| Description of the task |
When you copy the material below, keep every line exact and leave each picture out.

| Source data |
┌──

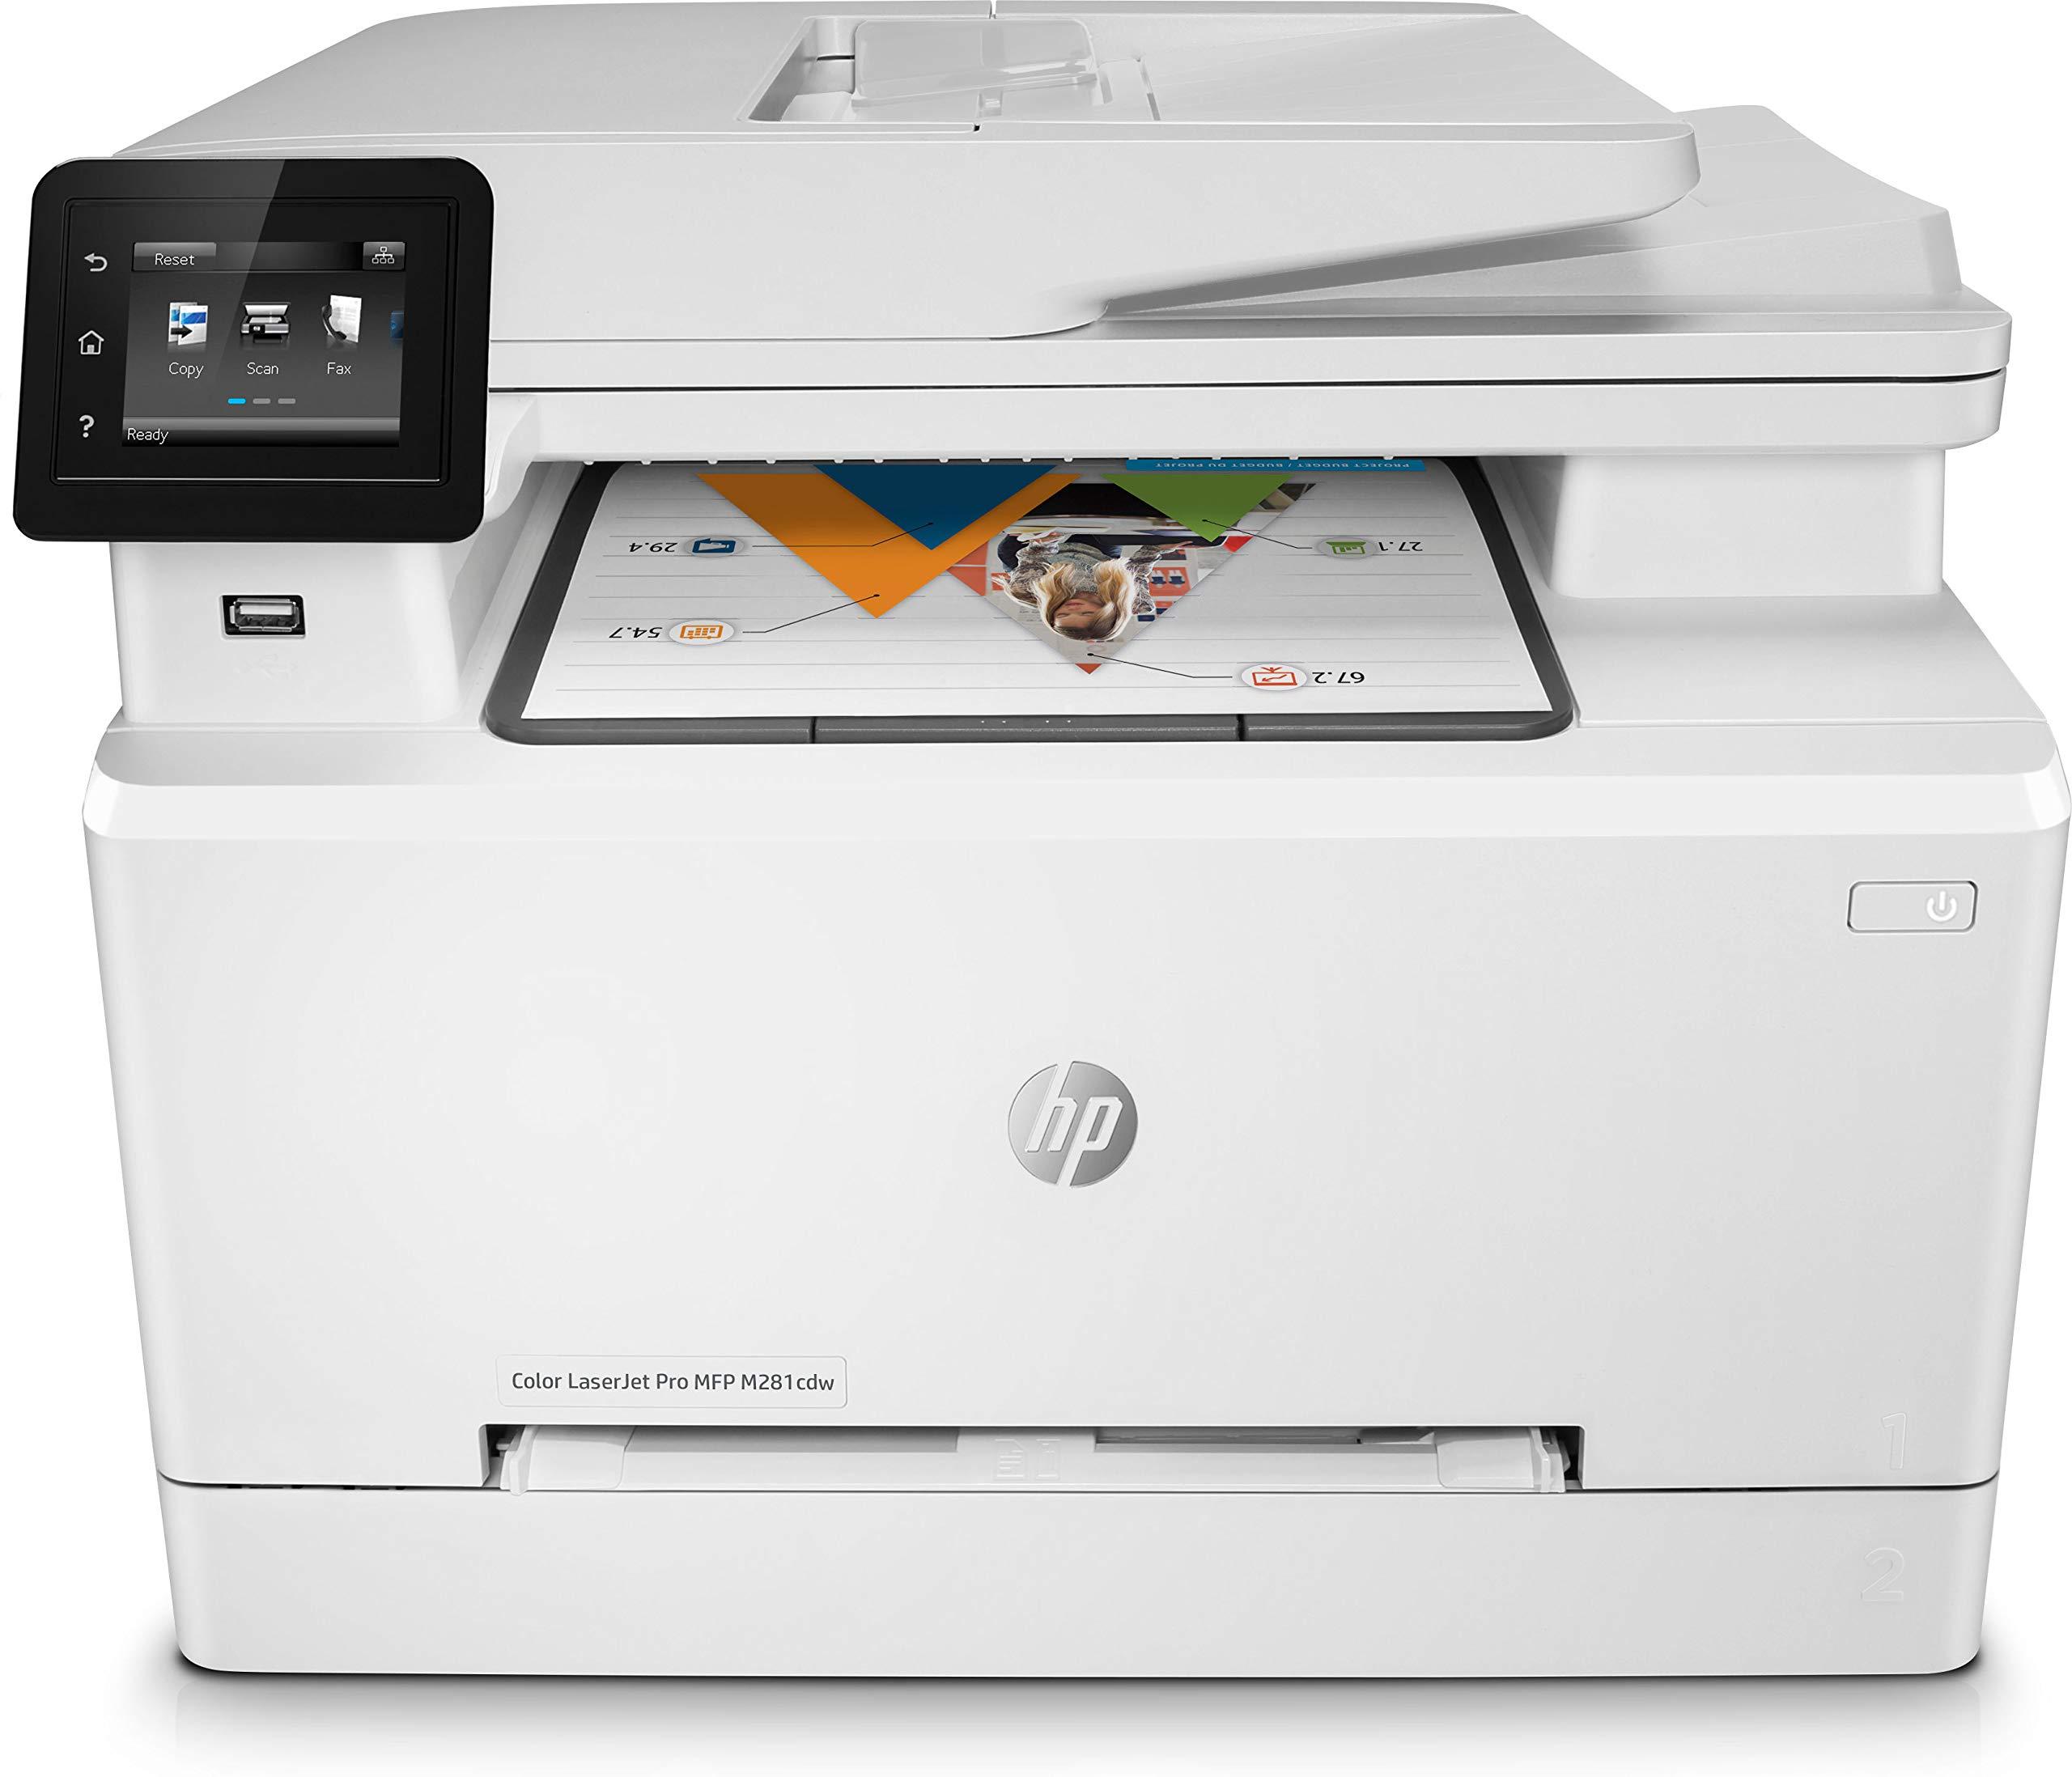 HP HP Pro MFP M281fdwカラーレーザーワイヤレスプリンター印刷/コピー/スキャン/ FAX MFP
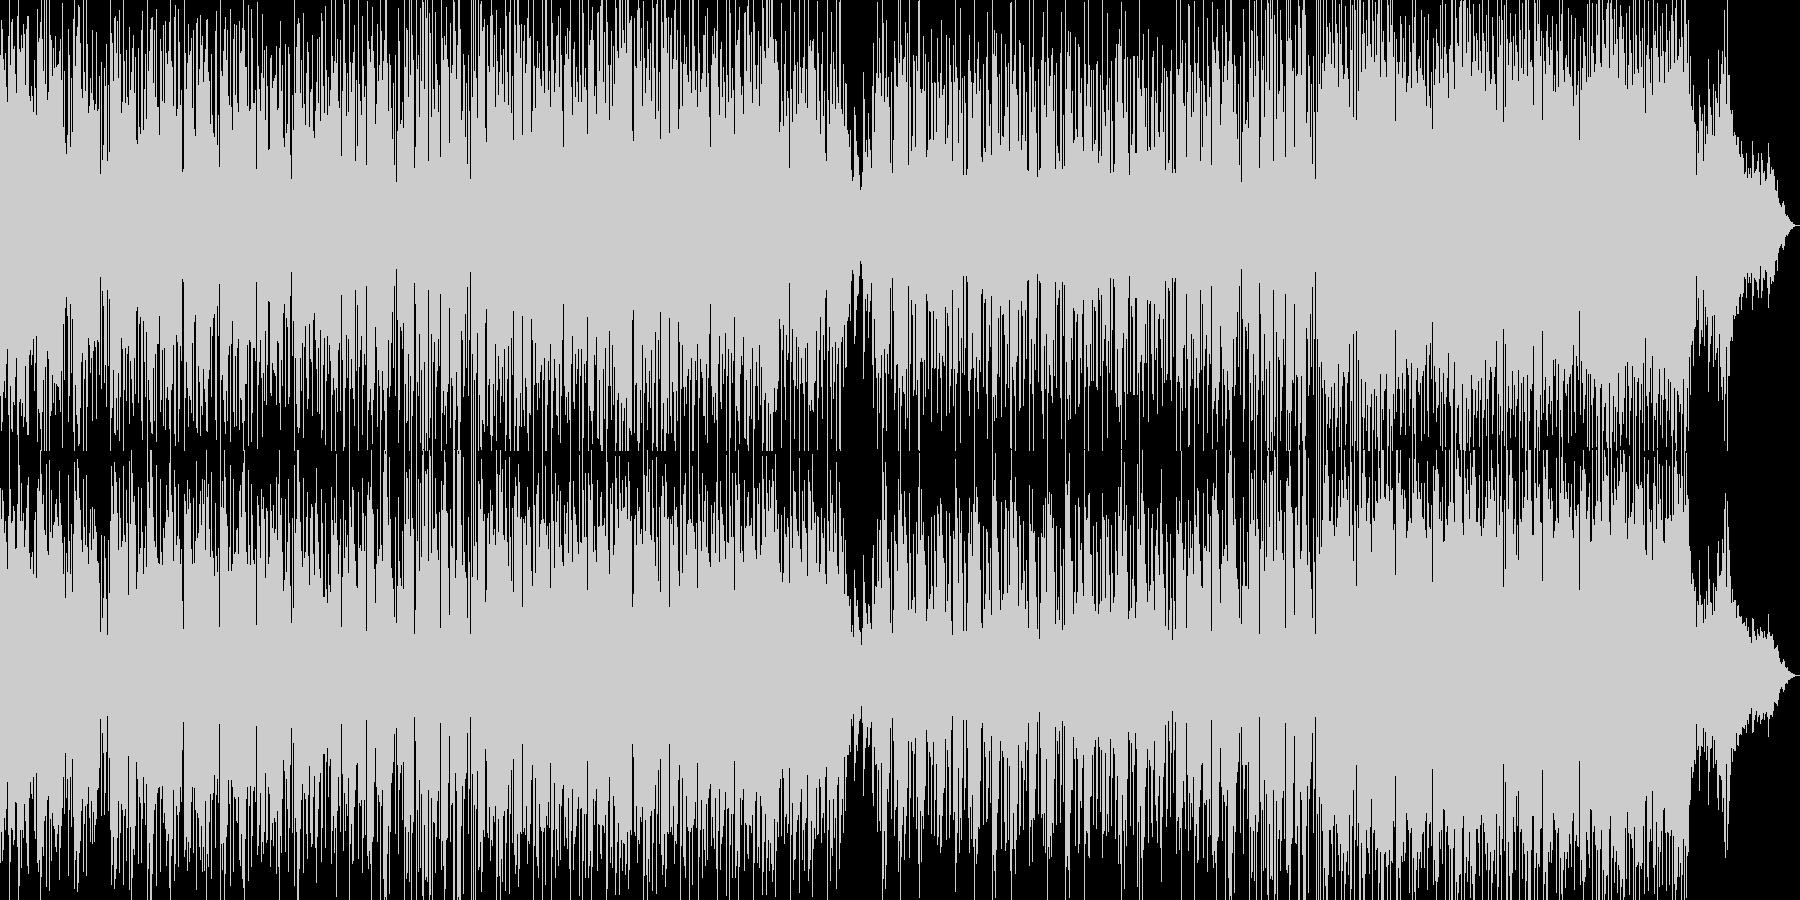 高音質♪和風アジア風琴と笛の曲の未再生の波形
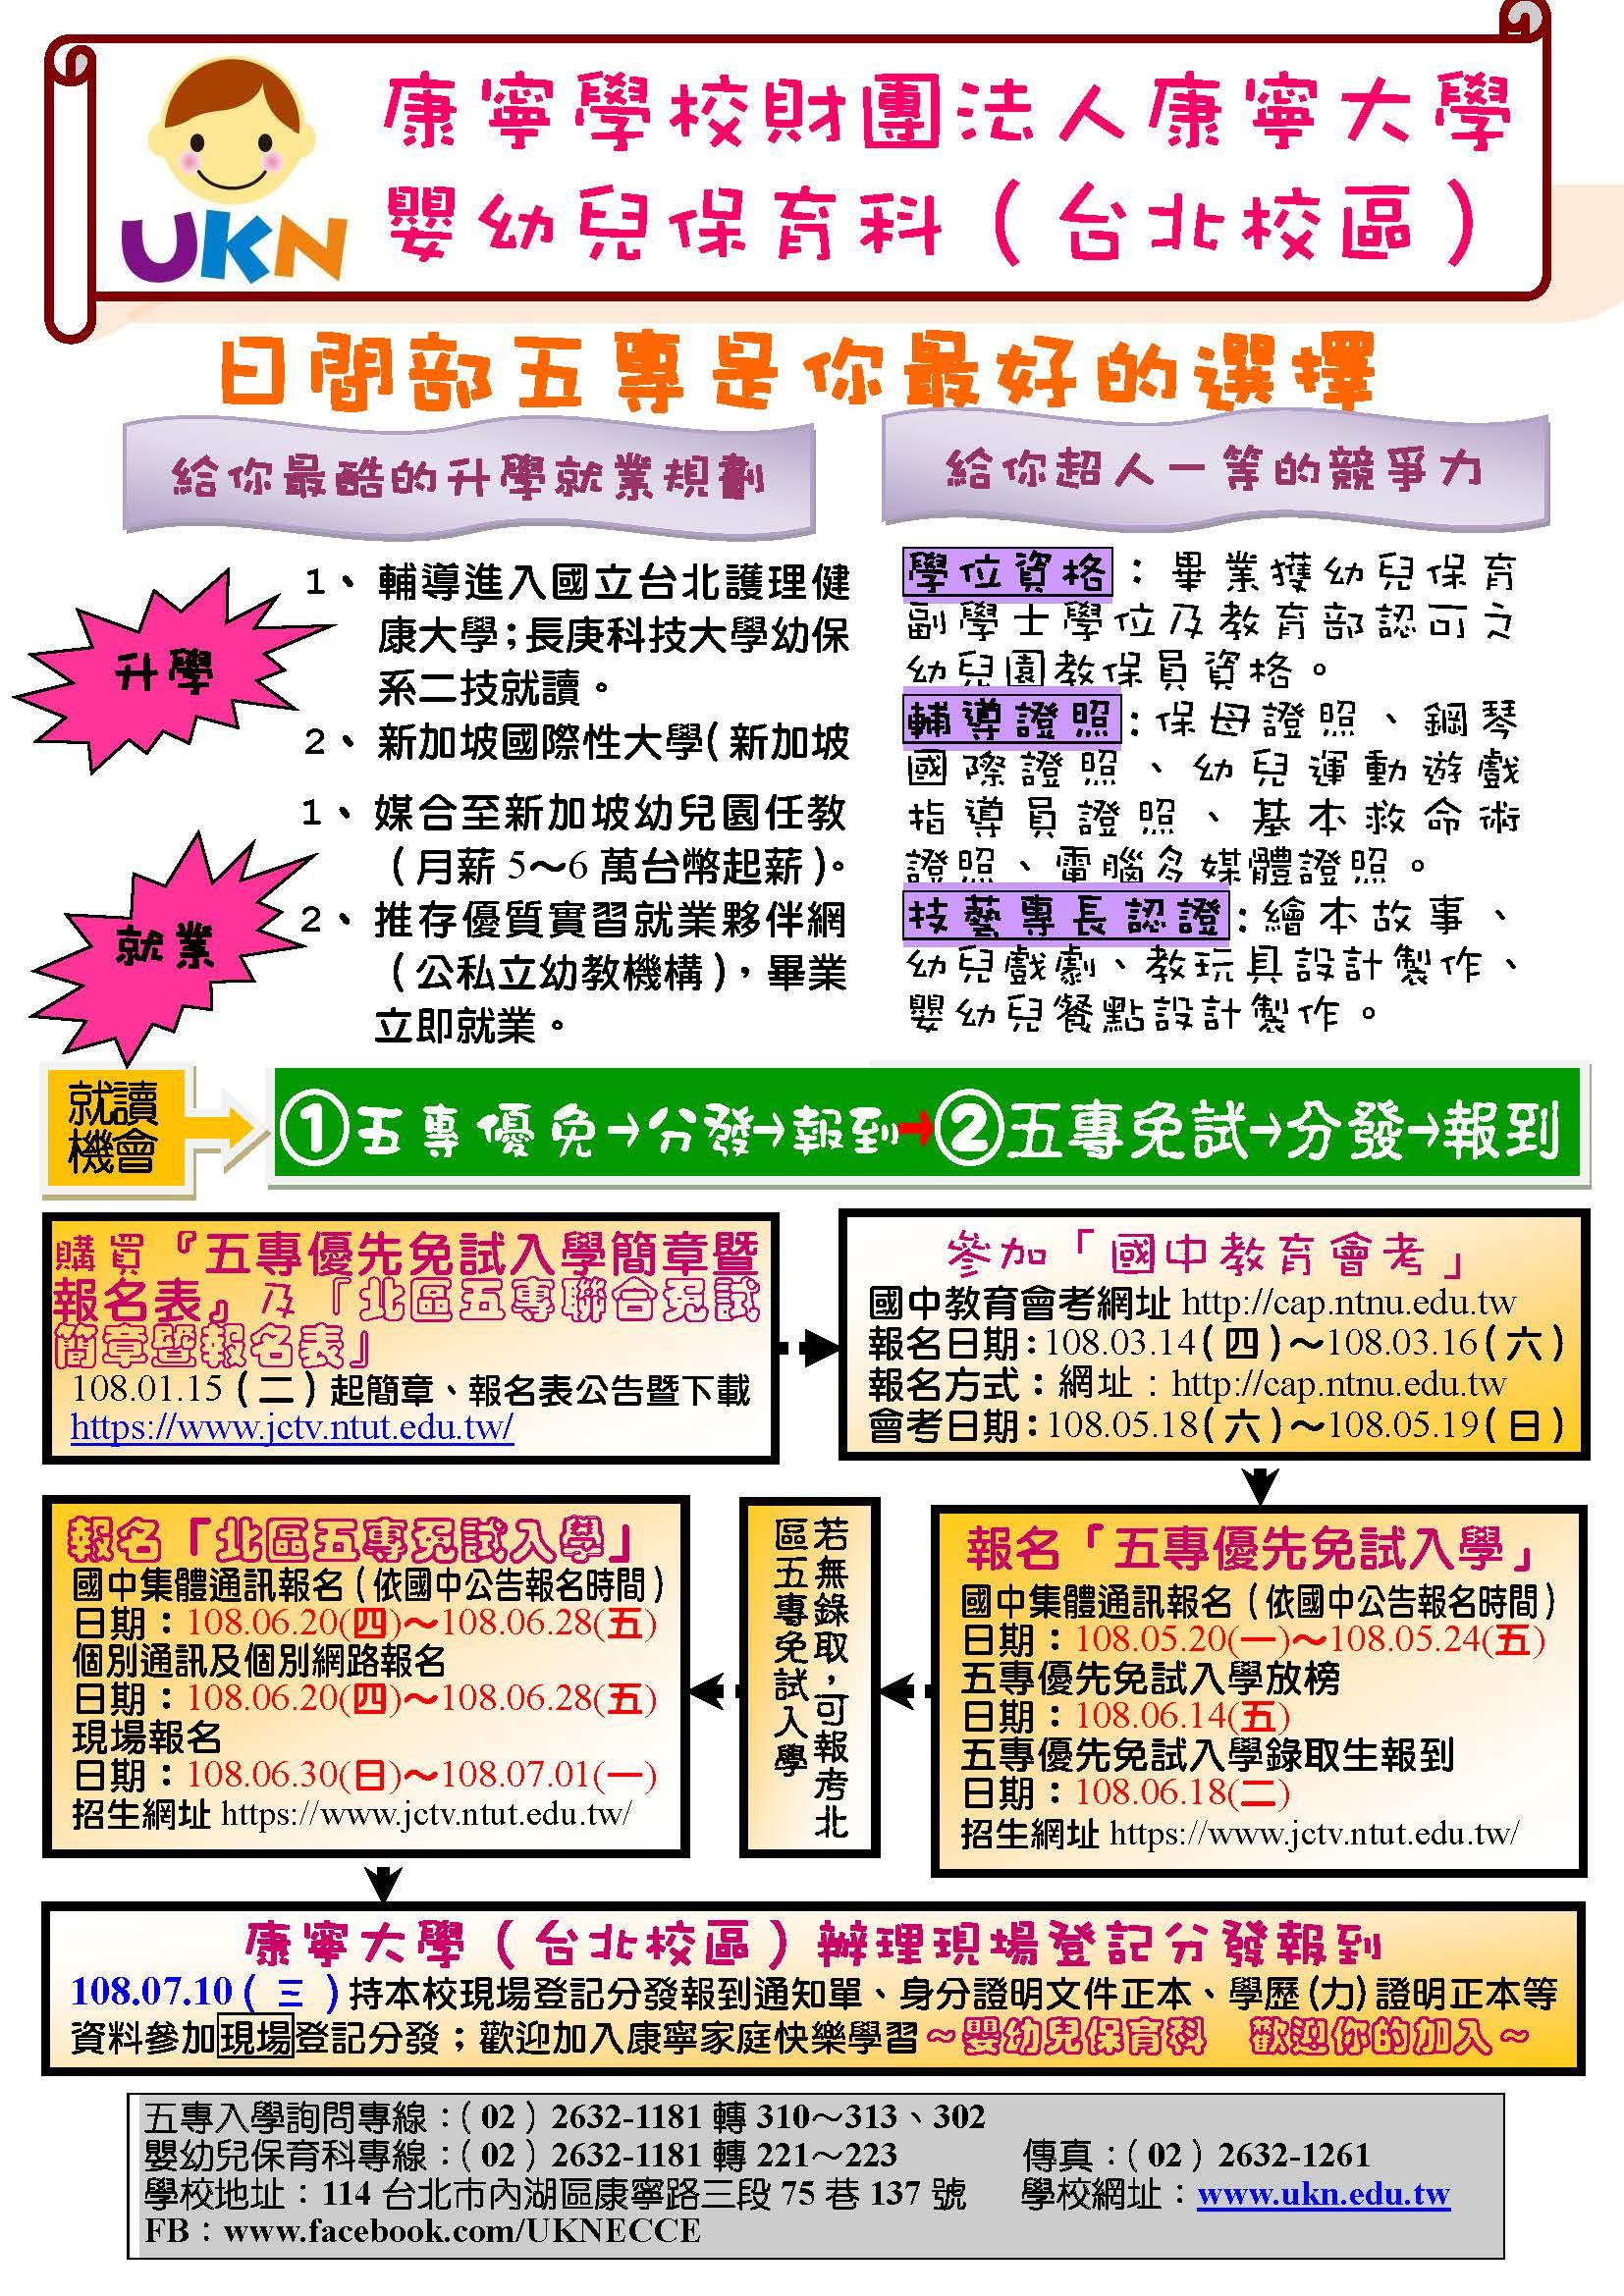 108學年度招生DM日間部五專-1080107 001

└──

| Solution to the exercise |
 HP HP Pro MFP M281fdwカラーレーザーワイヤレスプリンター印刷/コピー/スキャン/ FAX MFP
 高音質♪和風アジア風琴と笛の曲の未再生の波形
 108學年度招生DM日間部五專-1080107 001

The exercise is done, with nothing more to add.